### Data shown
__________

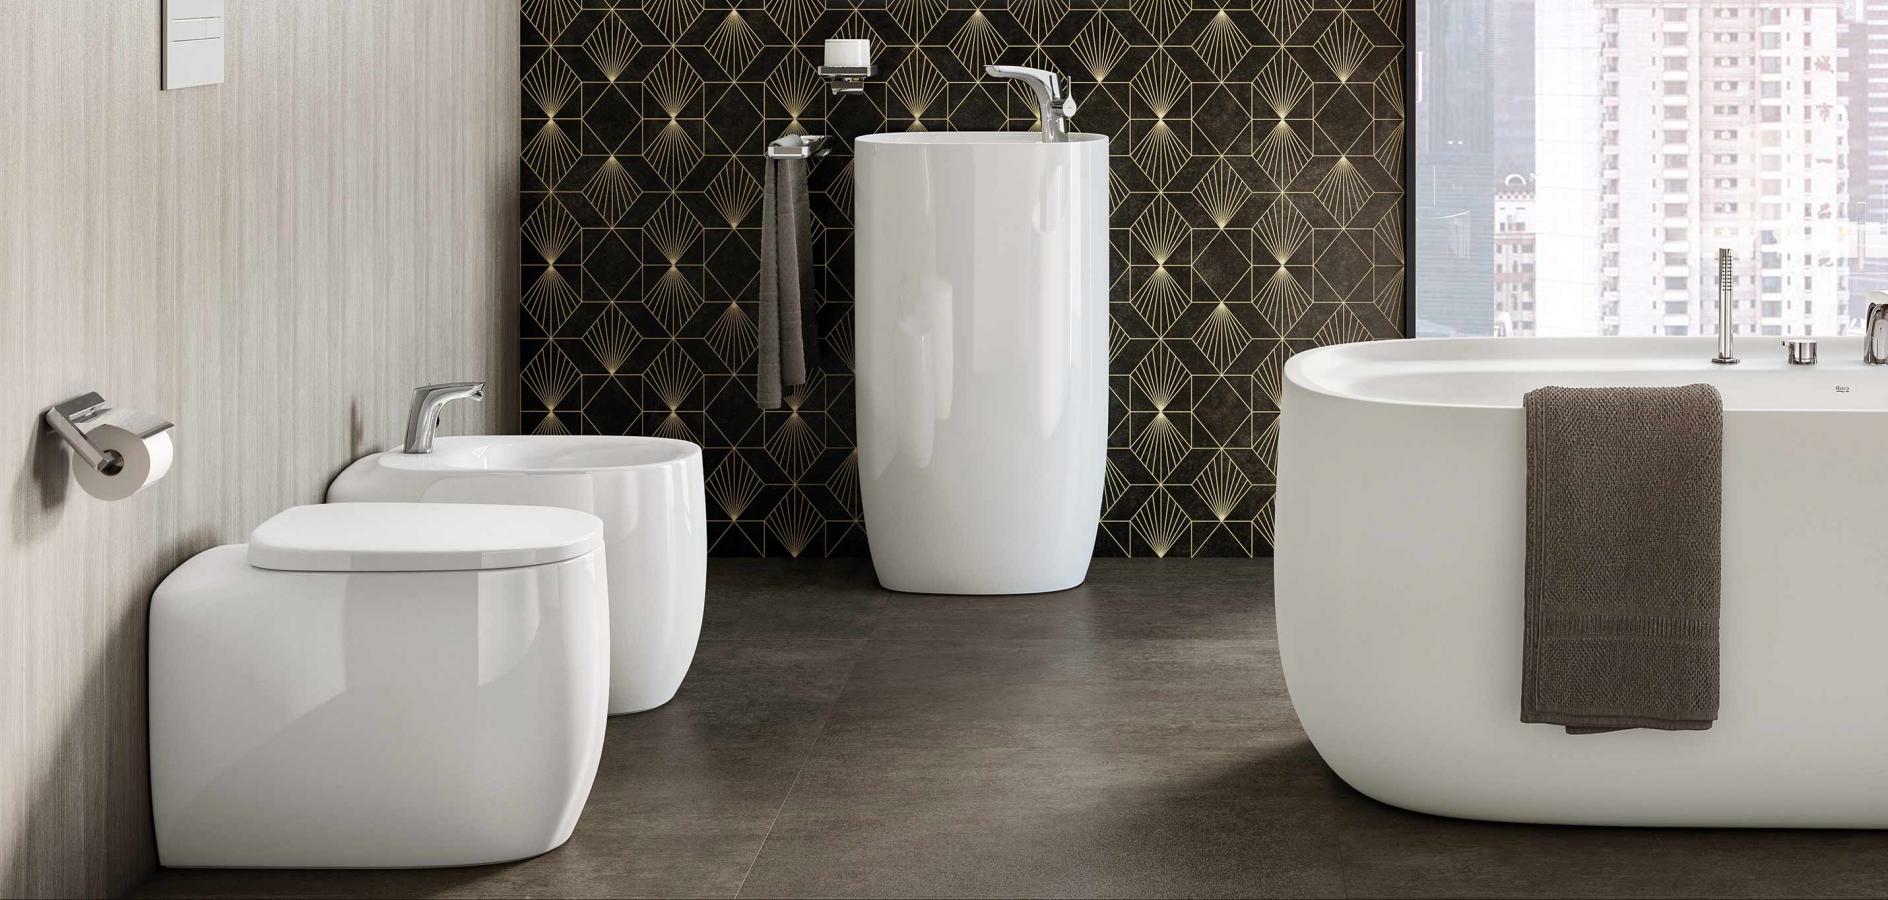 Modest pictures of modern bathrooms design Beyond Modern And Innovative Bathroom Designs Roca Life
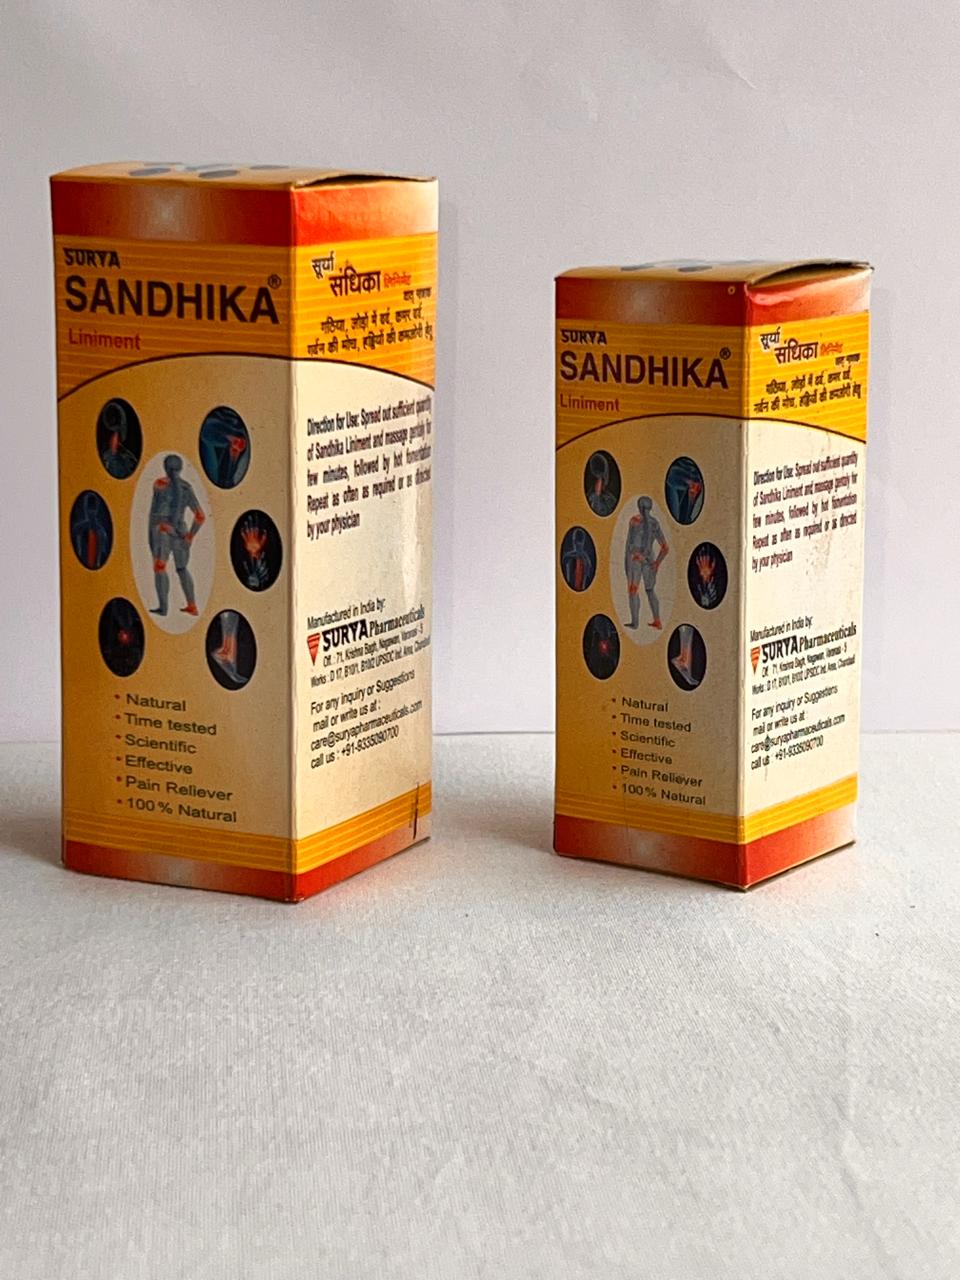 Sandhika oil
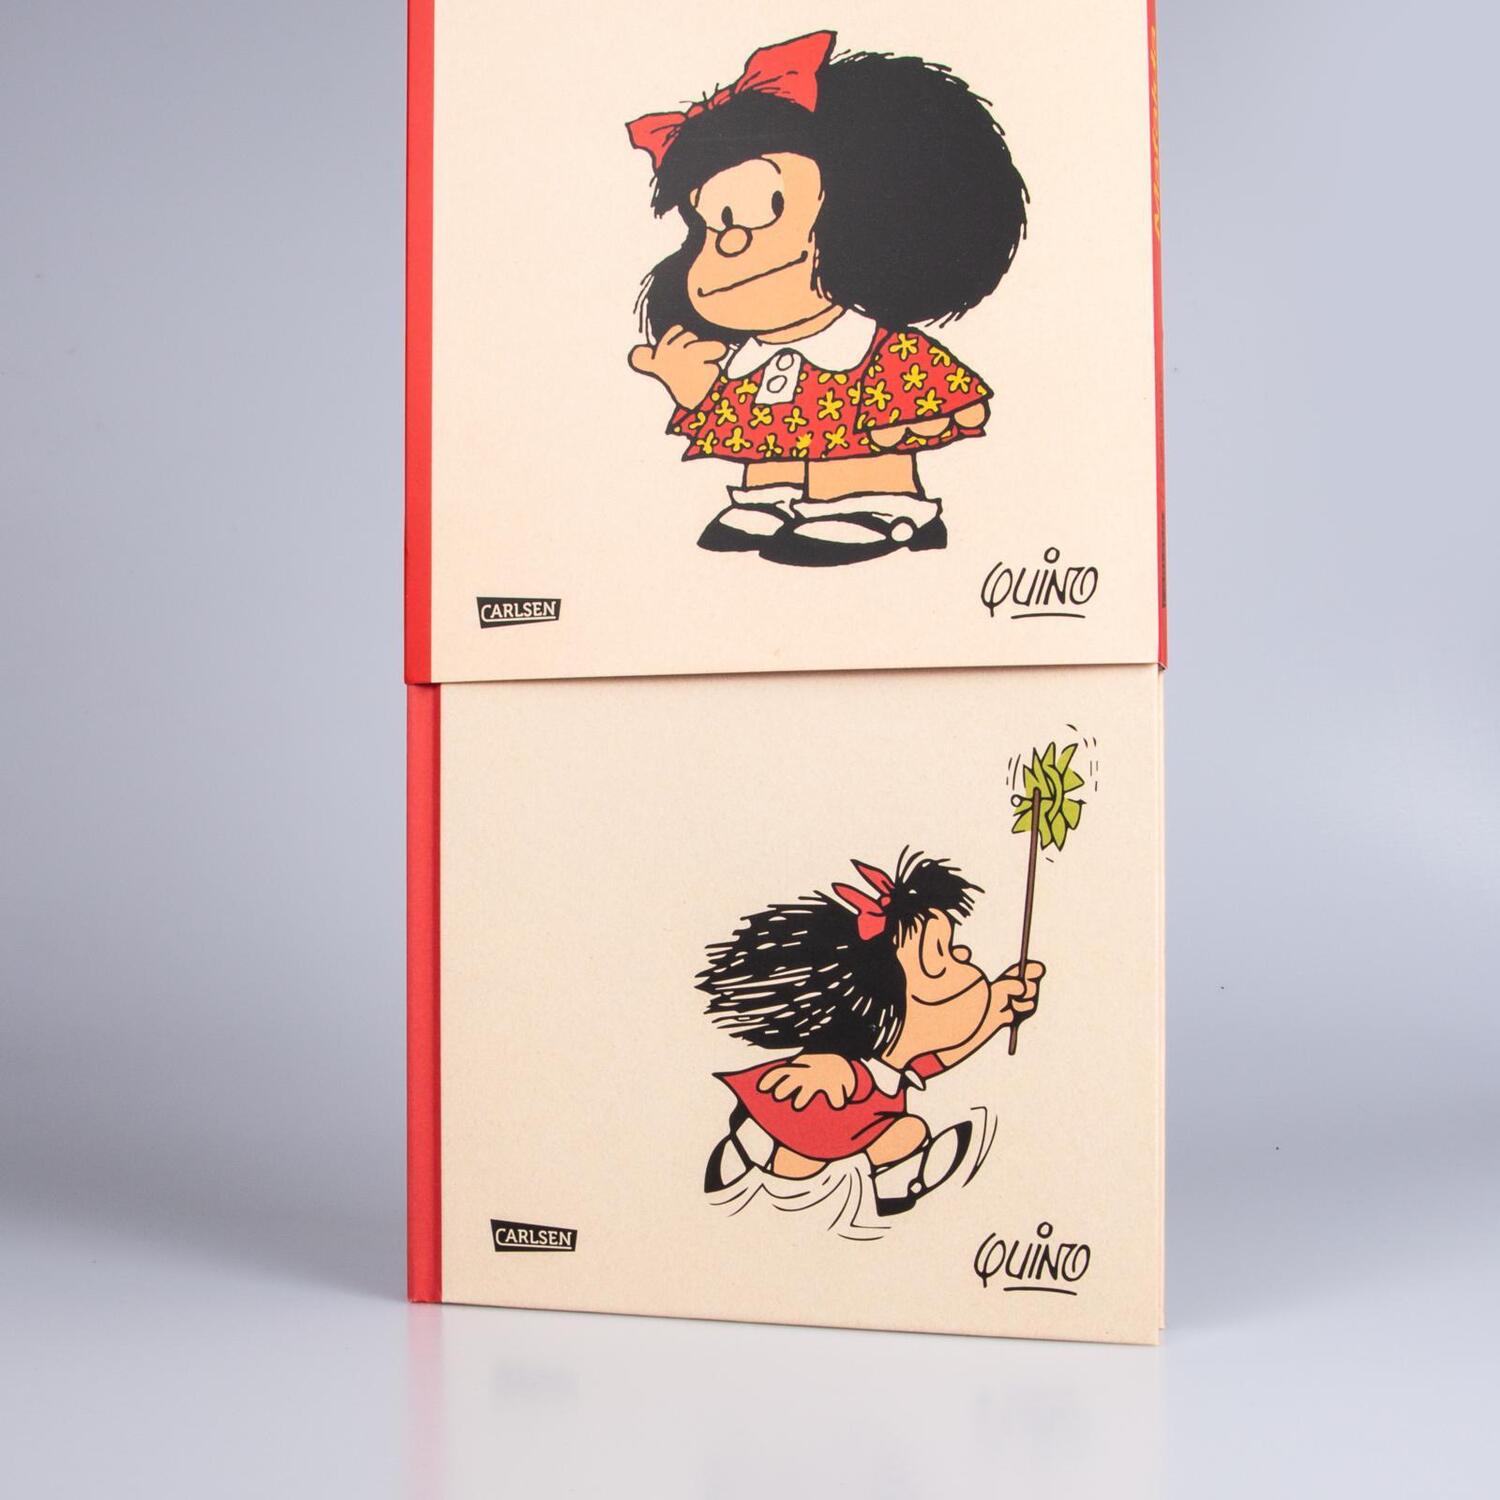 Bild: 9783551029164 | Die Bibliothek der Comic-Klassiker: Mafalda | Quino | Buch | 208 S.
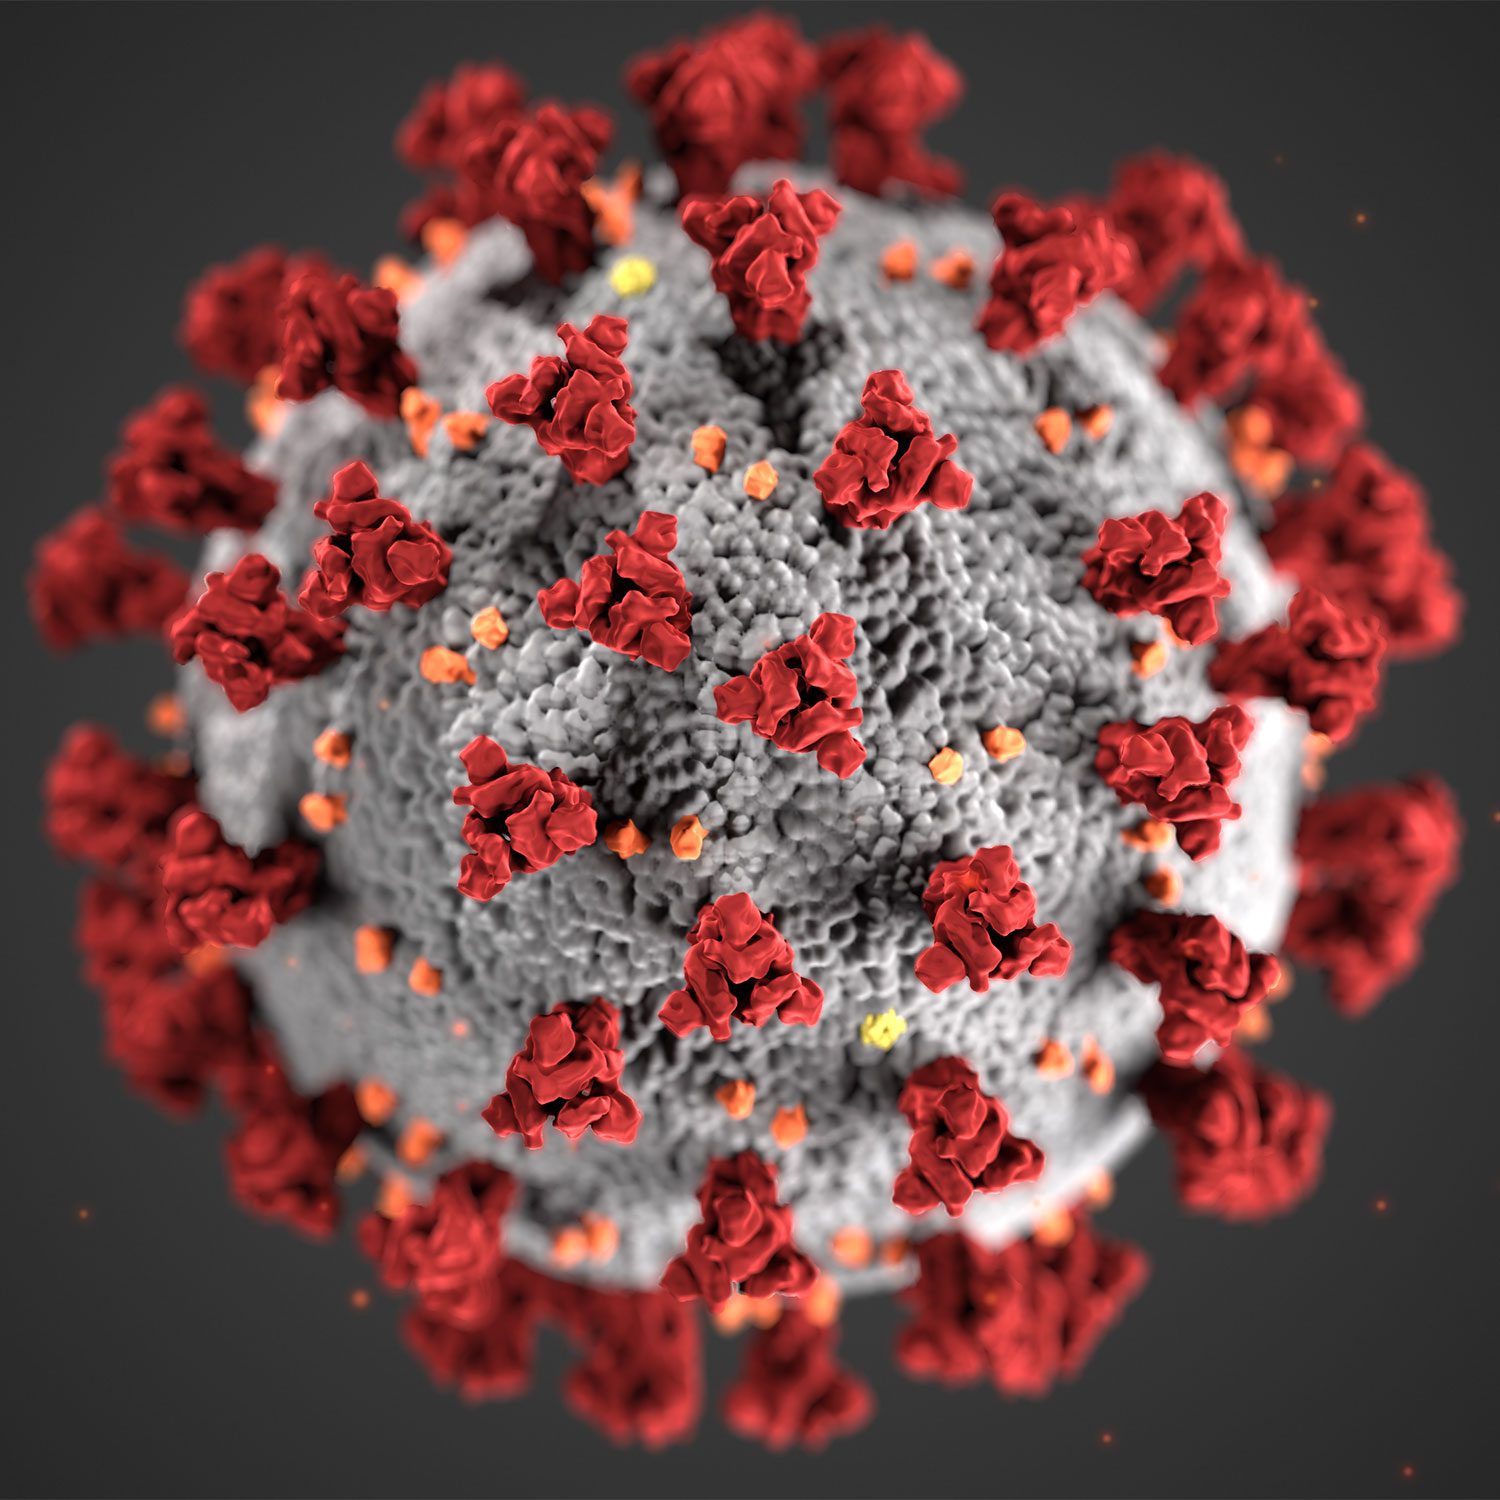 Microscopic photo of COVID-19 virus

__________

### What the exercise asks
Copy the whole of the material above exactly, and exclude every picture.

### Exercise solution
 Modest pictures of modern bathrooms design Beyond Modern And Innovative Bathroom Designs Roca Life
 Sandhika oil
 Bild: 9783551029164 | Die Bibliothek der Comic-Klassiker: Mafalda | Quino | Buch | 208 S.
 Microscopic photo of COVID-19 virus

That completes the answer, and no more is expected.